— Material supplied —
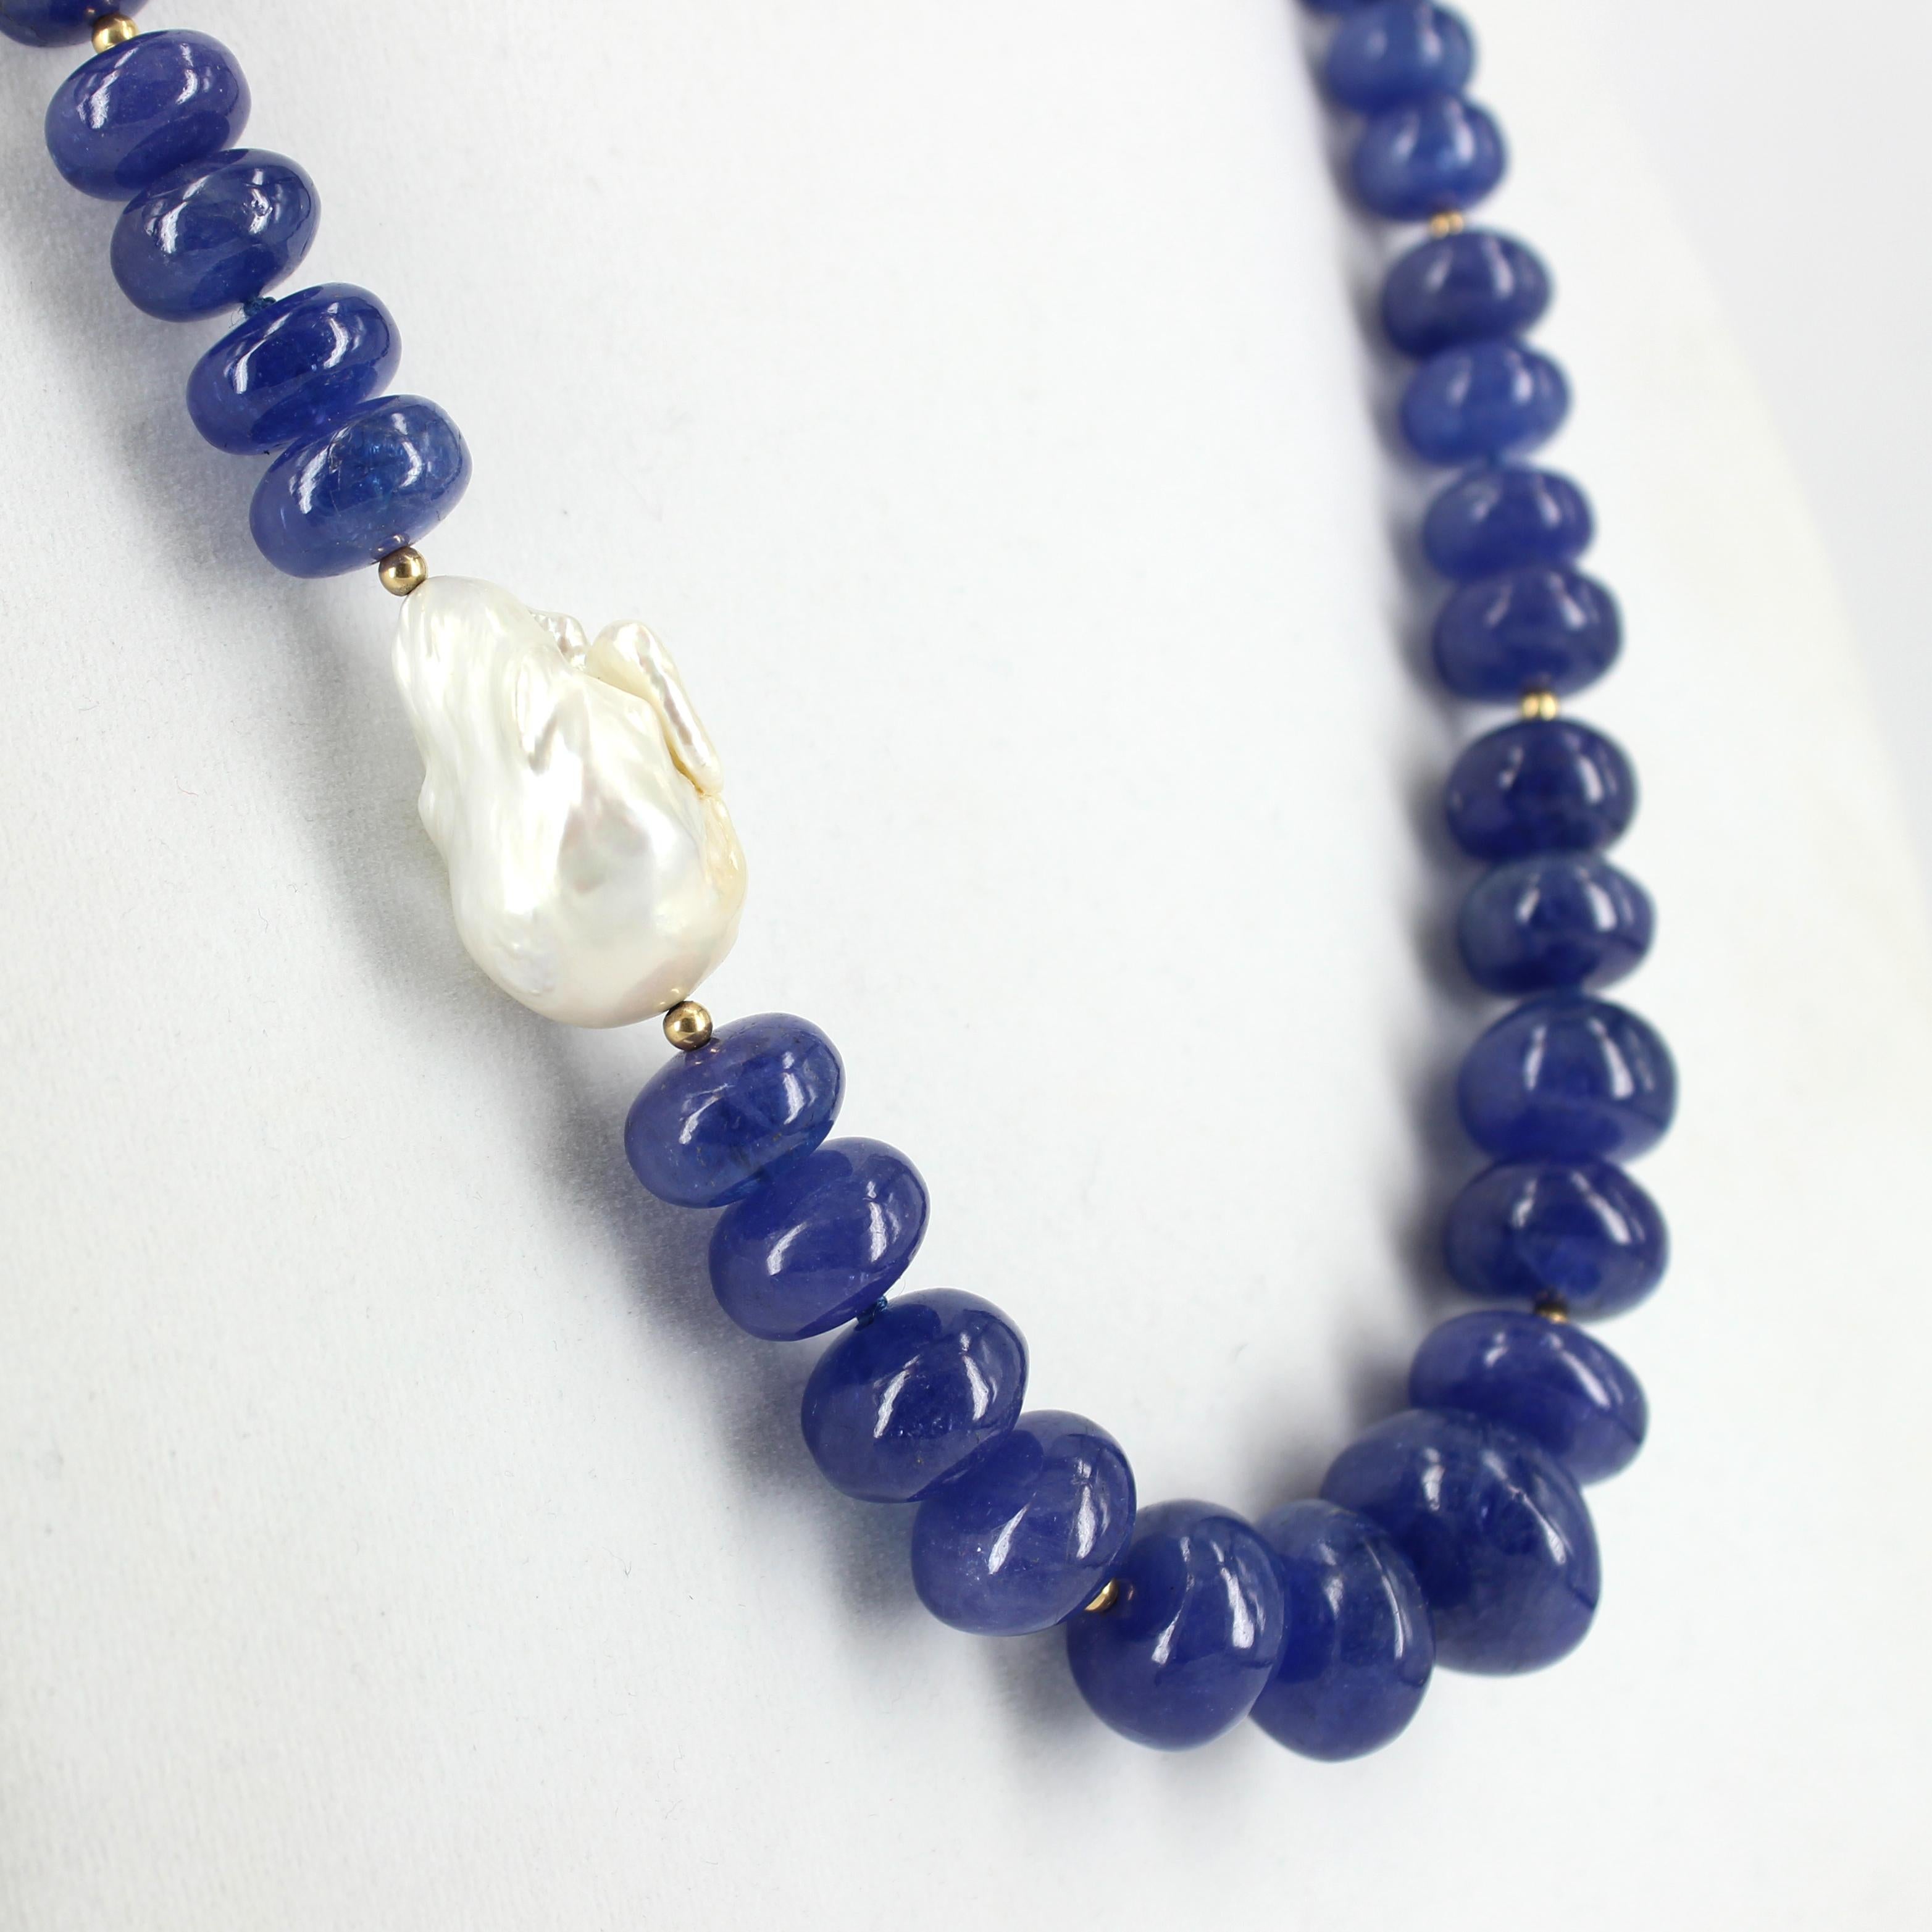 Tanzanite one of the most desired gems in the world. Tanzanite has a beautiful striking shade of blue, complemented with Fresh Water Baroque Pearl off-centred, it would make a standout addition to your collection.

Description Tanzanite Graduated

...

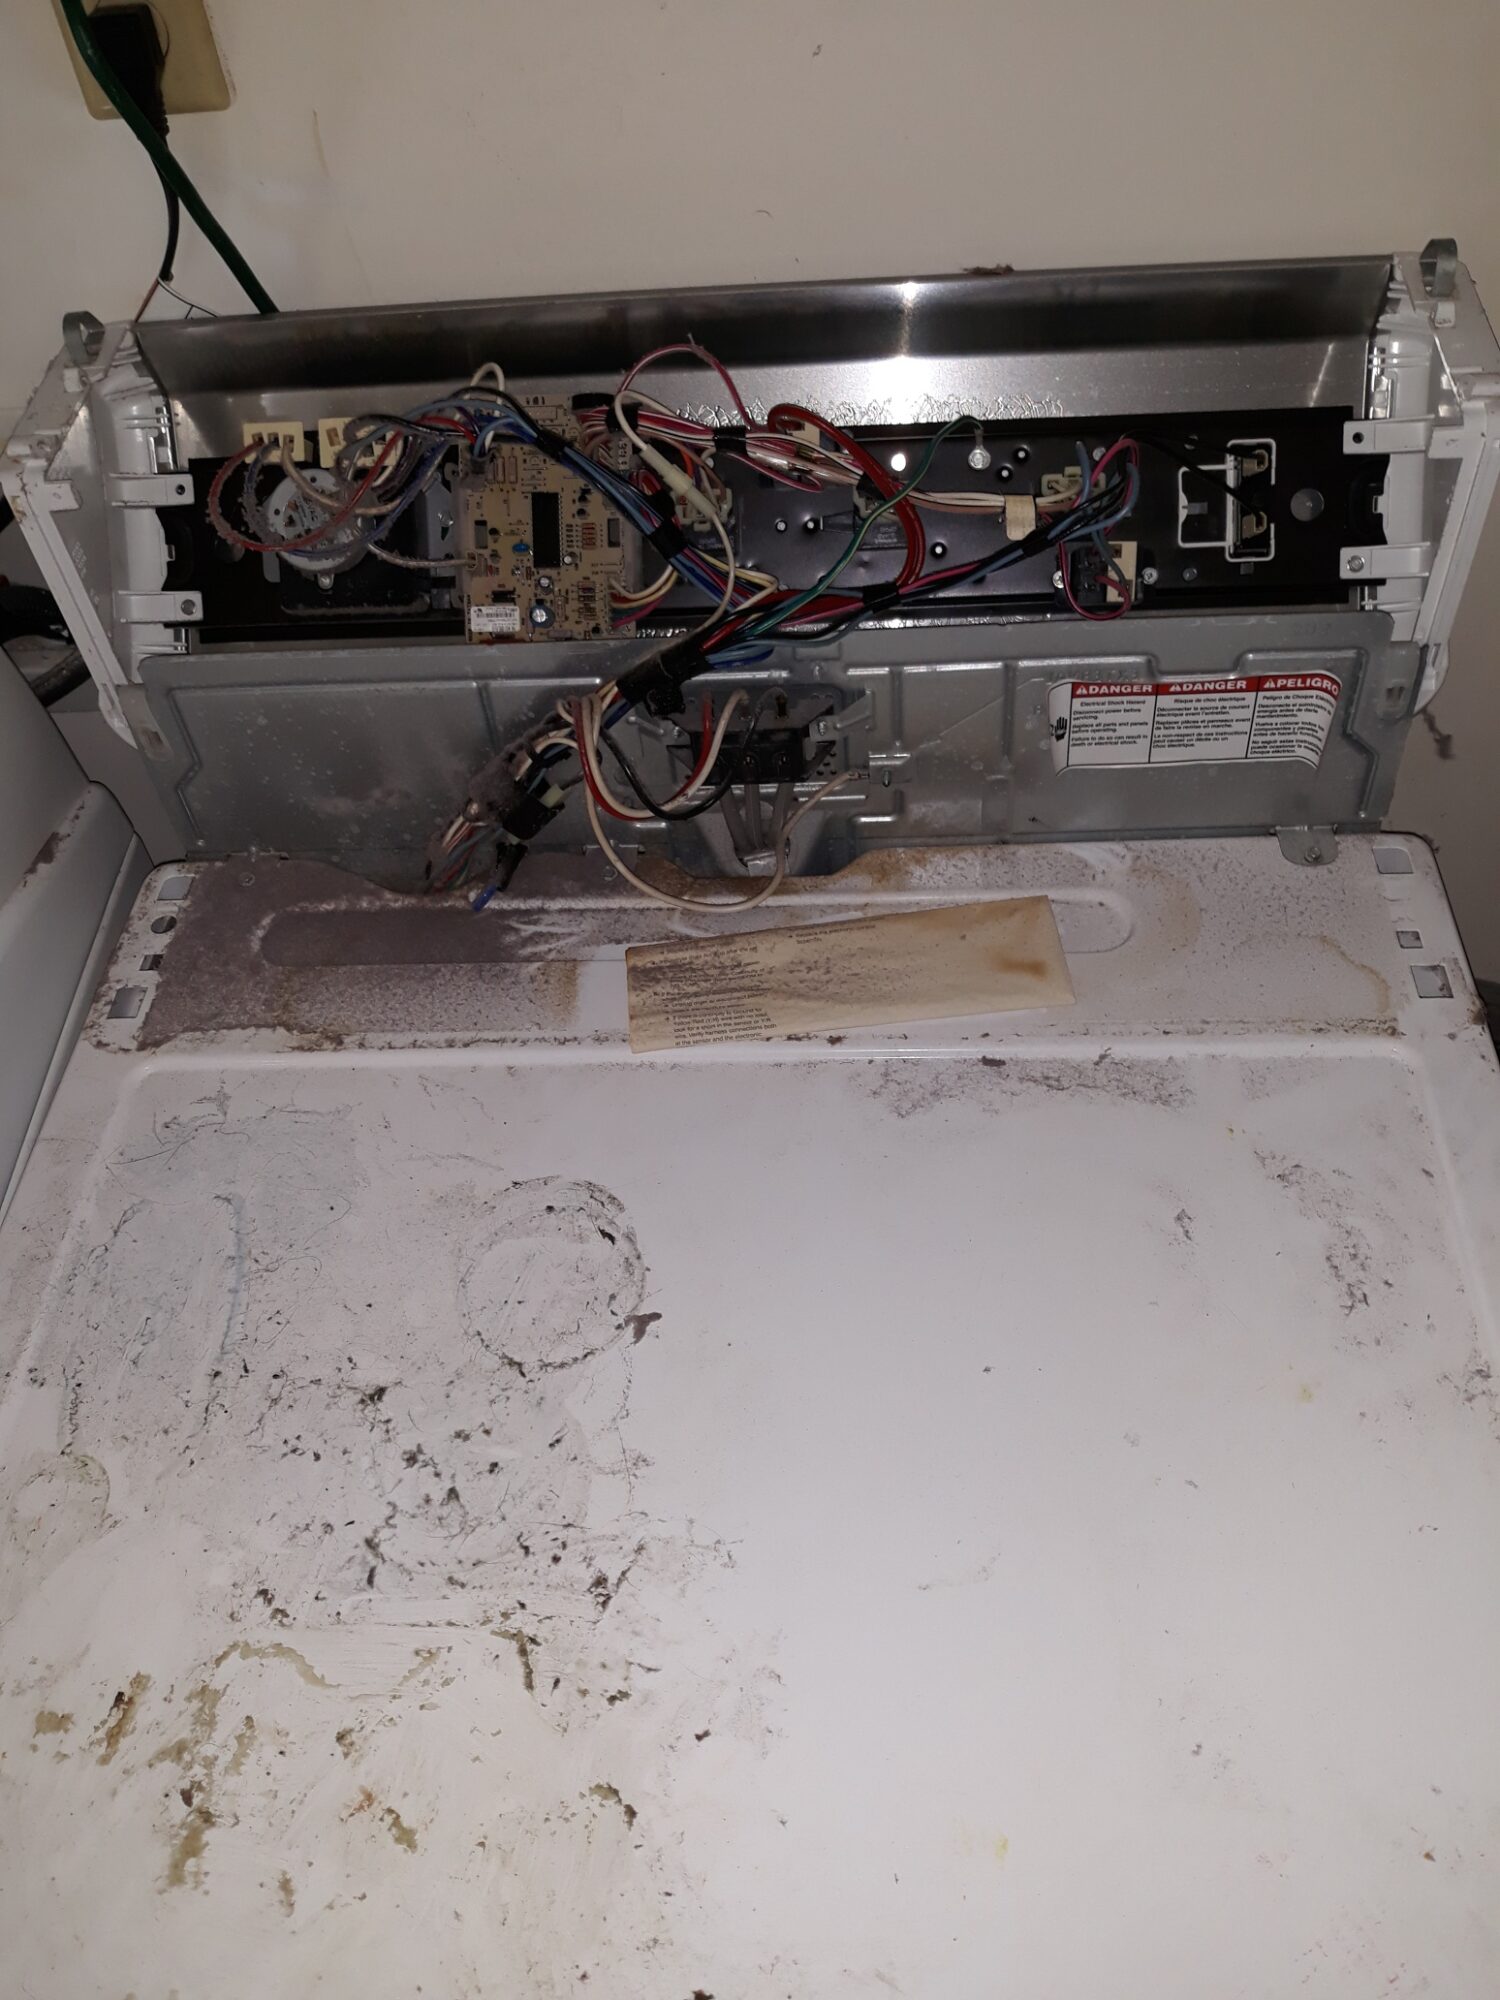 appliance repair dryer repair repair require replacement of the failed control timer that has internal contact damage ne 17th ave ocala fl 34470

— Problem to solve —
Print everything from the line with "Tanzanite one of" down to the line with "Description Tanzanite Graduated" in the entries above, both lines included and nothing more, without the pictures.

— Result of the task —
 Tanzanite one of the most desired gems in the world. Tanzanite has a beautiful striking shade of blue, complemented with Fresh Water Baroque Pearl off-centred, it would make a standout addition to your collection.

Description Tanzanite Graduated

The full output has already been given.